The "data for good" label has been put to use so often recently it is hard to come to agreement
on a central definition and core goals (Hooker, 2018; National Academies of Sciences,
Engineering, and Medicine, 2020). There are many counter-critiques being made, including
concerns like:
volunteer-driven efforts are hard to sustain over time;
the most attractive problems to volunteers often the "cutting edge" ones, rather than
the mundane-but-impactful ones;
companies donating technologies can market this "good" service in a way that absolves
them of having to question their central work and its harms;
partnering doesn't help build capacity in the underserved areas that receive the benefits
of the projects;
separating data used for "good" suggests it is acceptable to use data not for good.
It is helpful to acknowledge these negative aspects while still pursuing the positive impacts of
the larger movement to put data in the service of social good. The movement is building
capacity for the typical subjects of data to own and analyze it themselves, and providing
pathways for data science learners that fully embrace responsible and ethical uses of data.
The "data for good" response has been picked up, and in some cases driven, by academic
practitioners seeking to focus on the social impacts of data science practices. "Data science for
social good" (or DSSG) is becoming a commonly known term in higher ed. Convenings like
Bloomberg Data for Good Exchange have brought together those in industry, non-profits, and
academia to build the movement. Members of prestigious academic groups such as the
Association for Computing Machinery (ACM) created tracks at ongoing events, and completely
new ones such as the Conference on Fairness, Accountability and Transparency (FAcct). These
gatherings have built community and validity for the idea that working on data science in
service of the social good is an acknowledged and accredited pathway within teaching and
learning at the university level.
Teaching Data in Higher Ed
The core missions of higher education, to create informed students that can innovate and
create a better world, is not well served by simply deploying the disempowering historical
dynamics I describe above in classroom settings. Universities are built on a foundation of
learning, growth, and betterment; these goals connect directly to introduce data science in
service of the social good.

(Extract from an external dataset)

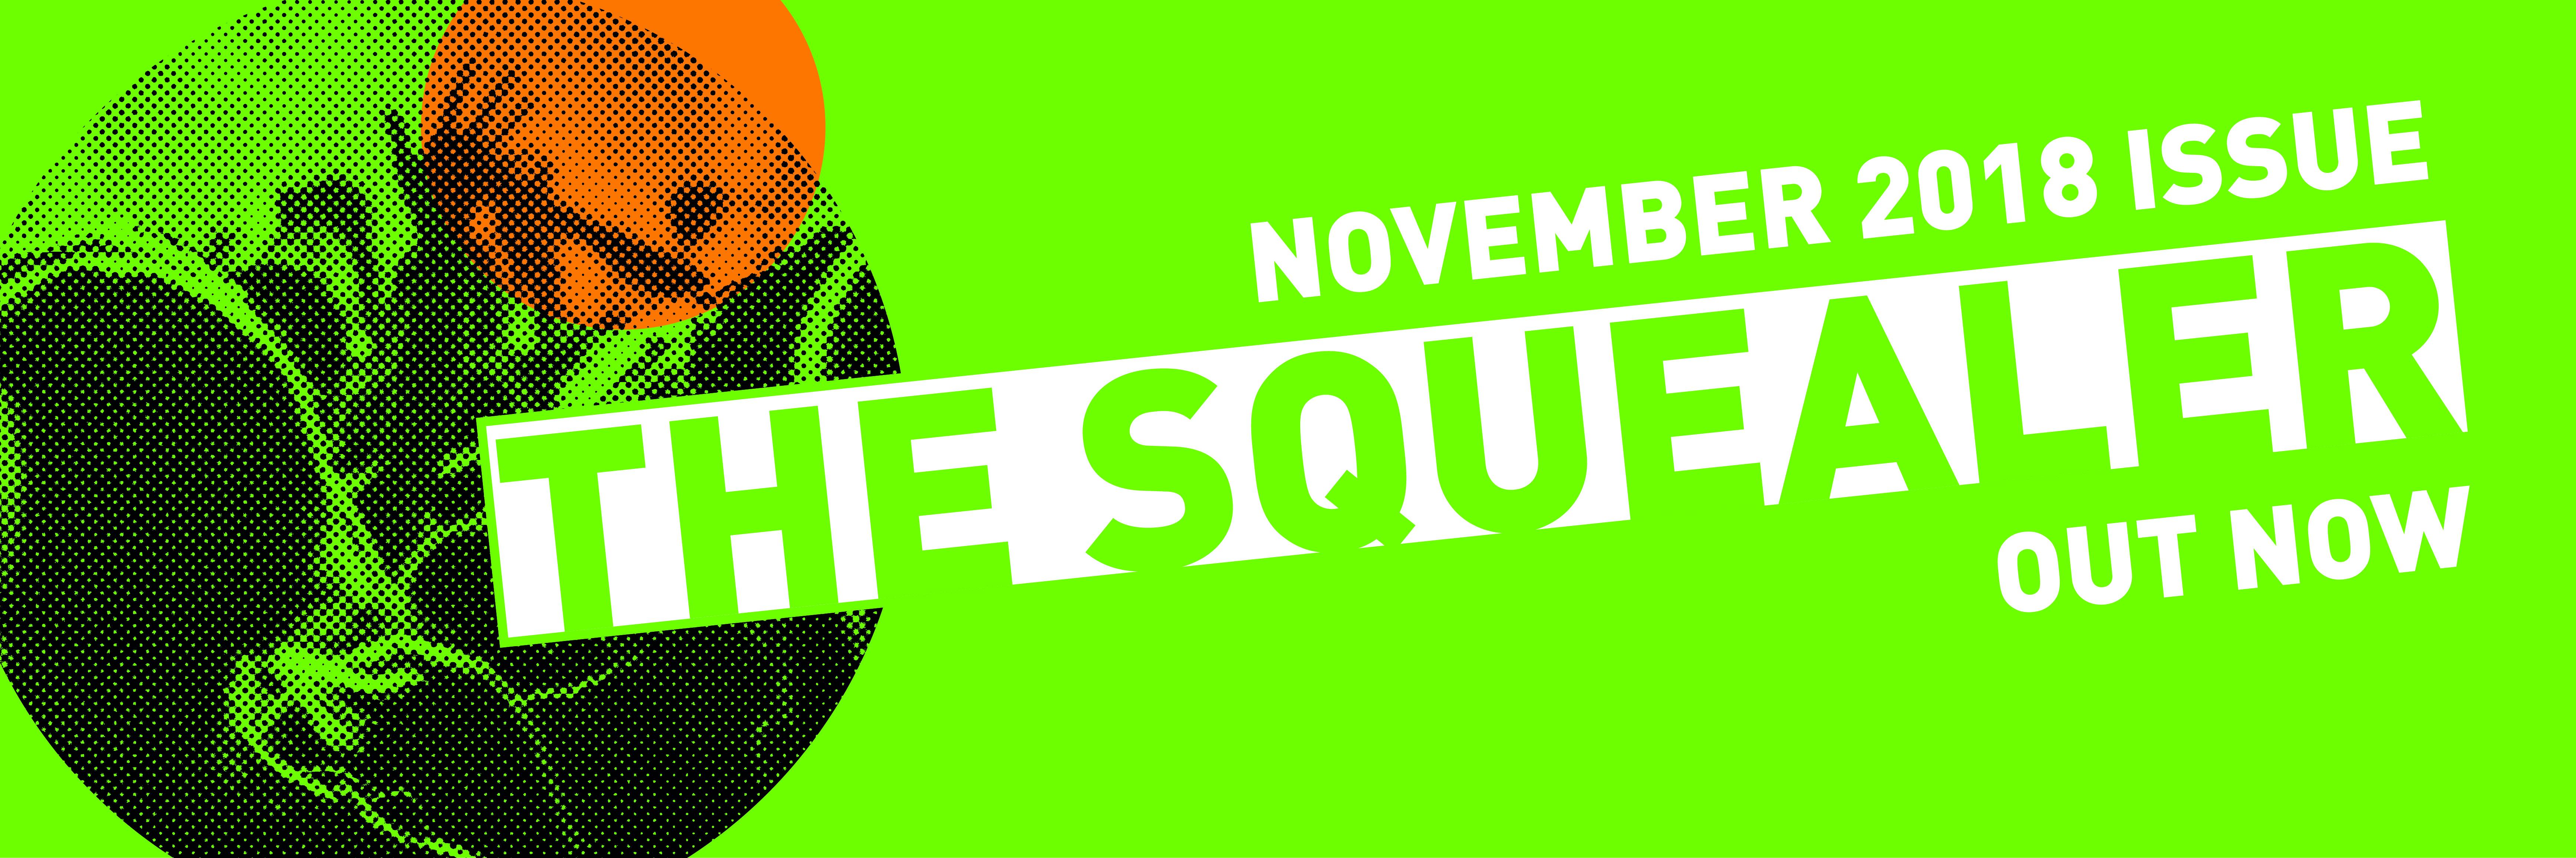 Squealer nov18 banner

Merging these goals is a challenge many have taken up, creating
models for instruction that challenge the status quo of data work, engage learners in hard
questions about ethics and impact, and question how much we understand about the rhetorical
intent and power of data itself.
Few sectors are immune from this data "revolution", as it is often called in the press. This has
led to a raging debate on whether data literacy is a critical literacy that needs to be learned by
all, or a specialized application of statistical literacy and computational methods that need not
be broadly introduced. Either way, I argue that in educational settings those that look to enter
the field as practitioners should embrace the double meaning of critical employed here - both
strikingly important, and regularly reflected upon with doubt and inquiry. For the purposes of
this chapter, I will employ a 4-part definition of learning goals related to data (Bhargava &
D’Ignazio, 2015), encompassing:
1. Reading data: Understanding what data is, and what aspects of the world it represents.
2. Working with data: Creating, acquiring, cleaning, and managing data.

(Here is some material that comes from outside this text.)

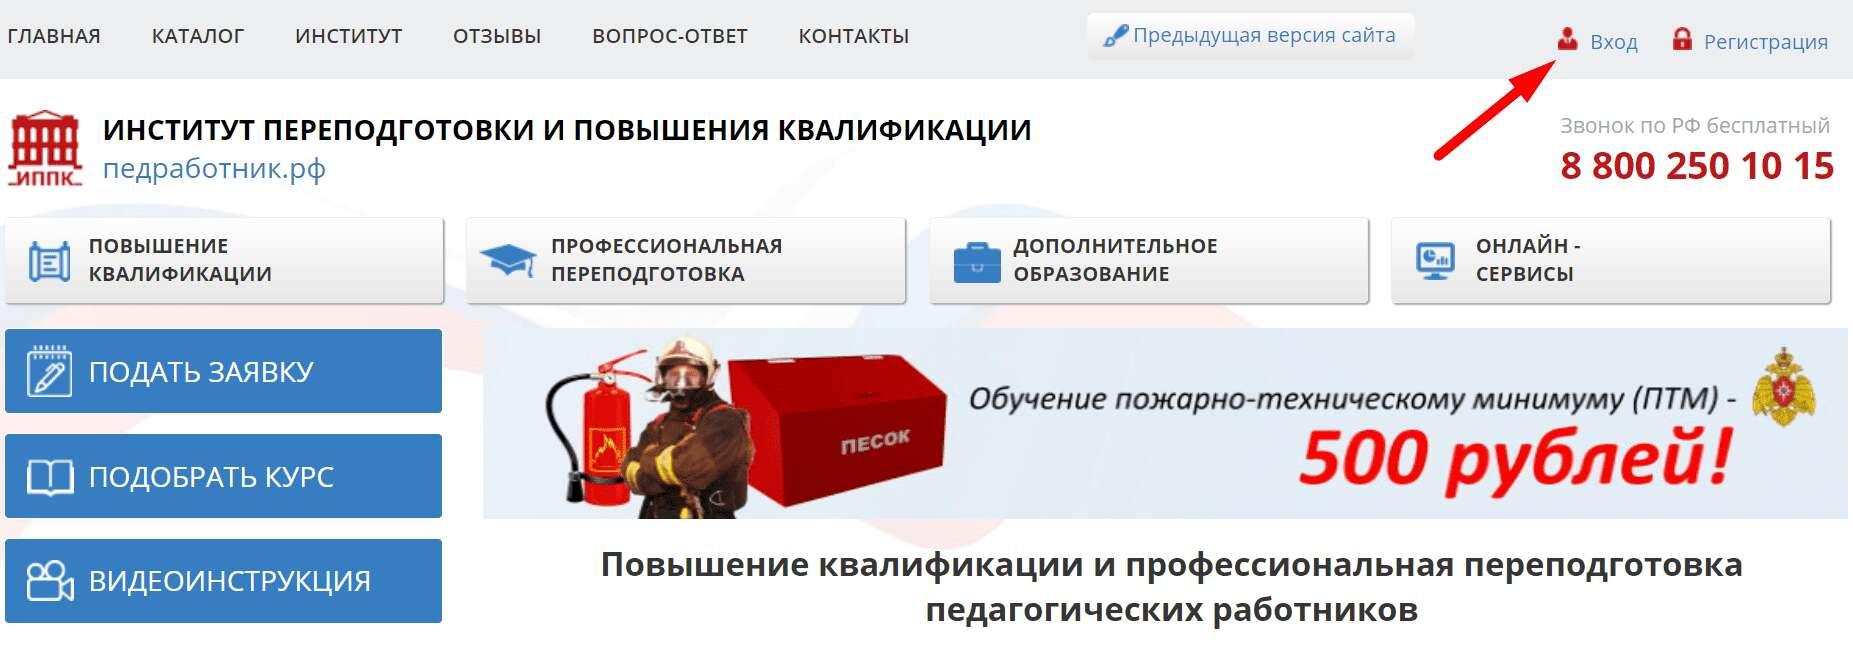 Официальный сайт образовательного центра «ПЕДРАБОТНИК.РФ»

3. Analyzing data: Filtering, sorting, aggregating, comparing, and performing other analytic
operations on data.
4. Arguing with data: Using data to support larger narratives intended to communicate
some message to a particular audience in service of soma goal.

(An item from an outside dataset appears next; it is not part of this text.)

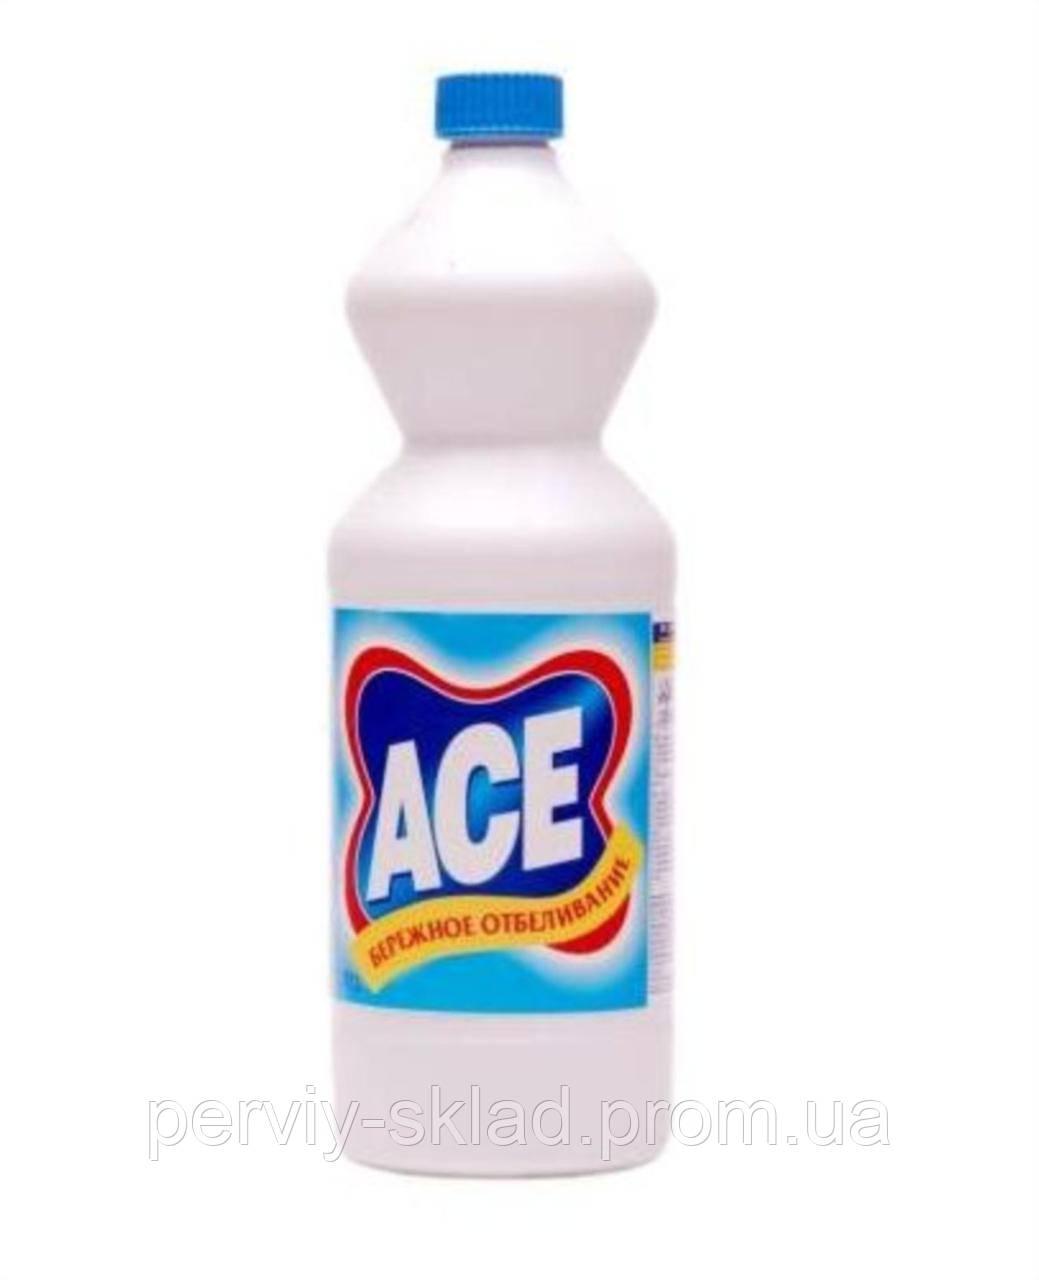 Жидкий отбеливатель ACE Regular 1 л

To define it simply, data education should build the ability to engage constructively with society
through and with data.
When discussing working with data as a new "literacy" made up of these components, it
behooves us to learn from debates throughout history about literacies and whom they
empower and disempower. Lévi Strauss argued that early reading literacy promotion was
actually in service of the power elites, not focused on empowering the subjugated masses (Levi-
Strauss & Wilcken, 2012). Another perspective on the underlying idea of literacy builds on the
empowerment-focused pedagogy of Freire, whose "popular education" work demonstrated
how reading literacy learning could be structured intentionally to build learners' ability to
challenge the power structures around them (Freire, 1968). Within our current times, most
literacies are thought of in service of learning, empowerment, and growth - most would agree
that they are positive improvements when a measure of any literacy goes up. Institutions of
higher education have embraced that sentiment, leading to a number of educational
approaches I wish to highlight that showcase challenges and responses to teaching data that
matters.
In the classroom, university educators are implementing the socially engaged methods
showcased at these convenings. They are building on rich traditions of service learning, an
approach that puts student classroom work in service of broader social efforts. Many
university-level data science programs engage datasets about the public good, partner with
groups to create impact from student work, and expose students to real work settings where
data can have impact. This stands in stark contrast, but not in opposition, to course offerings
that focus on skills acquisition for the jobs market. Methods of questioning impact, ownership,
and representation in data science projects are widely applicable in industry as well as the non-
profit sector. Significant business risk has come to be attached to unintended effects of poorly
thought through data projects. In short, this new path tries to pivot from the previously
described history, focusing on data projects that create real impact driving educational goals,
social goals, and business goals in service of the social good.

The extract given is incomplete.